We agree with Dr. Nardone that clinicians use patterns of clinical and laboratory variables to solve problems. We have analyzed the manner in which the sequential addition of our identified predictors affected the diagnosis of C. difficile disease (Table 2). Although this information may be useful, the results are not statistically significant. For practical purposes, physicians will suspect C. difficile-associated enteric complications in any patient with otherwise unexplained diarrhea that occurs with exposure to antibiotics. Decisions about use of laboratory testing are optimally dictated by the effect of the test results on management and by the probability of a positive result. Cephalosporins are the major agents implicated in C. difficile-associated diarrhea in recent years [1, 2]. Usage rates indicate that clindamycin is probably the most commonly used agent, but not enough patients in our series were receiving clindamycin to allow us to verify this well-known association.

Fang and colleagues summarize the findings of some of their previously published reports on the sensitivity of tests for C. difficile toxin. The major point of our paper was not that two to three stool specimens are needed for adequate diagnostic sensitivity. Rather, we prospectively evaluated the combination of clinical and laboratory data to establish a better clinical sense of how much testing needs to be done. Our previous studies show that the rate of false-negative test results is not greatly influenced by the selection of reagents that are commercially available for enzyme immunoassays [3]. Most important is the stool dilution used in the assay [4]. We believe that the toxigenic culture test Fang and colleagues propose is unrealistic for routine laboratory use in the United States. The attractive feature of this test is its sensitivity. Its disadvantages are that 1) most clinical laboratories do not offer C. difficile cultures, 2) the anticipated cost would be high [culture plus toxin assay], 3) results would be delayed 3 to 5 days, and 4) most laboratories do not do strain typing. An additional concern is specificity. MacFarland and colleagues [5] showed that about 30% of hospitalized patients have C. difficile in the absence of diarrhea; most of these strains are toxigenic.

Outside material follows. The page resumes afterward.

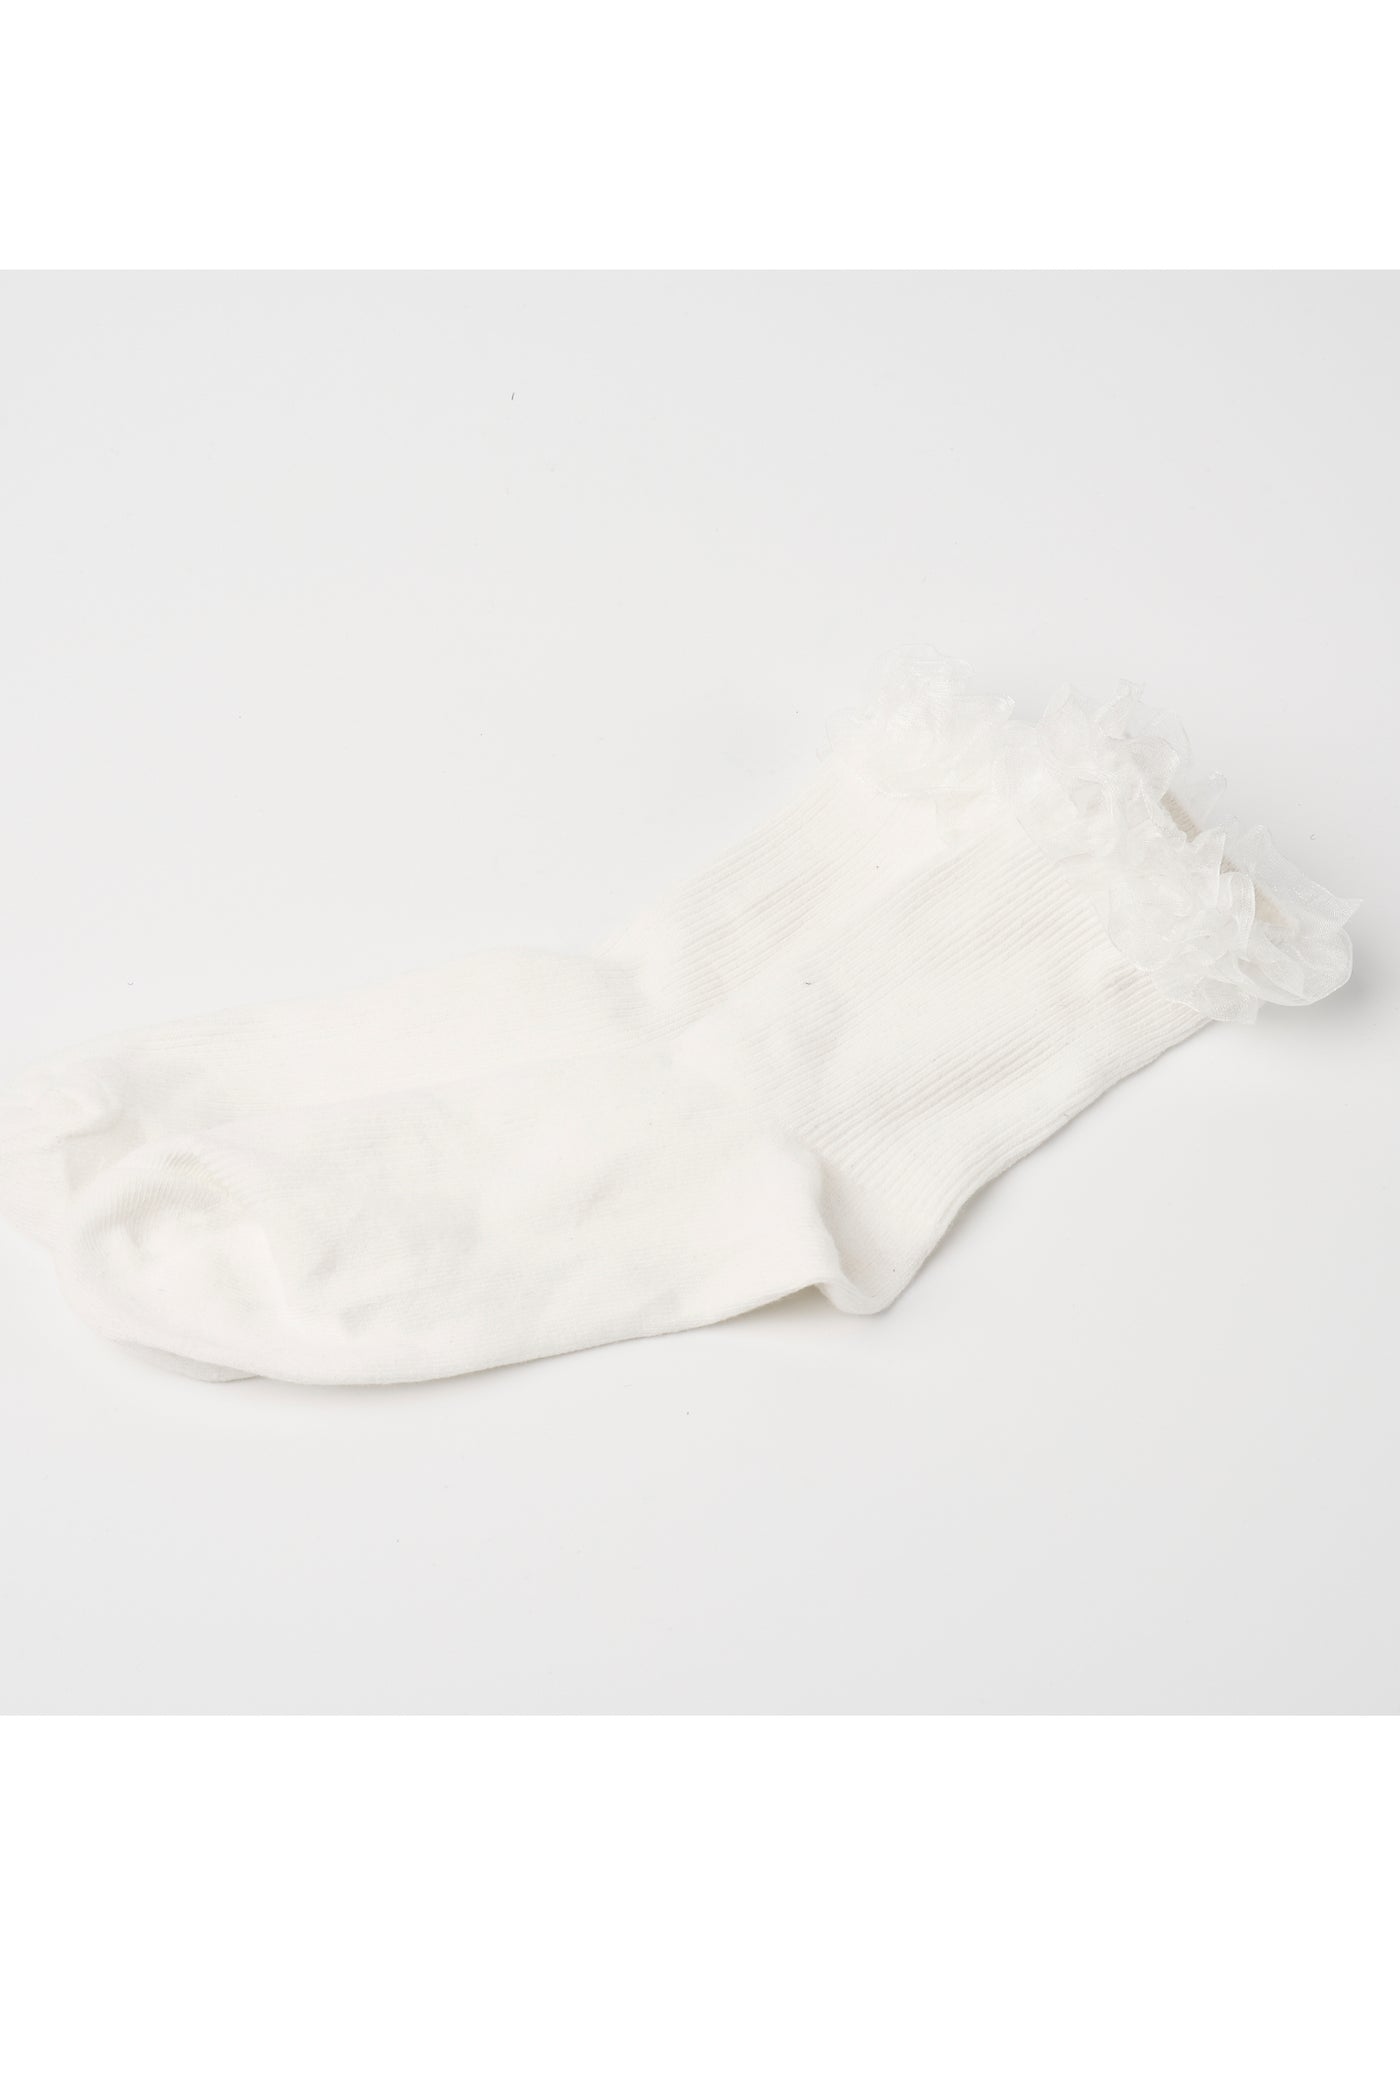 storets.com Ruffled Lace Socks

We appreciate the remarks of Drs. Minochi and Richards and agree that the C. difficile toxin assay is associated with false-positive results. The literature they cite for this conclusion is our own, but it is limited to studies of patients receiving a few antibiotics. We have even greater concern about specificity with culture because of high carriage rates of C. difficile, as noted above. However, to keep the observations in perspective, it is important to emphasize that almost all enteric bacterial pathogens are associated with relatively high rates of false-positive results on standard tests. This applies to salmonella, shigella, Vibrio cholerae, Campylobacter jejuni, and other organisms. The requirement for the clinician is clinical correlation.

Dr. Holland correctly points out that both lactoferrin assay and Gram stain provide different ways of measuring the presence of fecal leukocytes. We wish to correct the impression that they were additively predictive of C. difficile disease; they were not. We separately analyzed lactoferrin and Gram stain for fecal leukocytes only to validate the utility of lactoferrin as an adjunct in diagnosing C. difficile disease.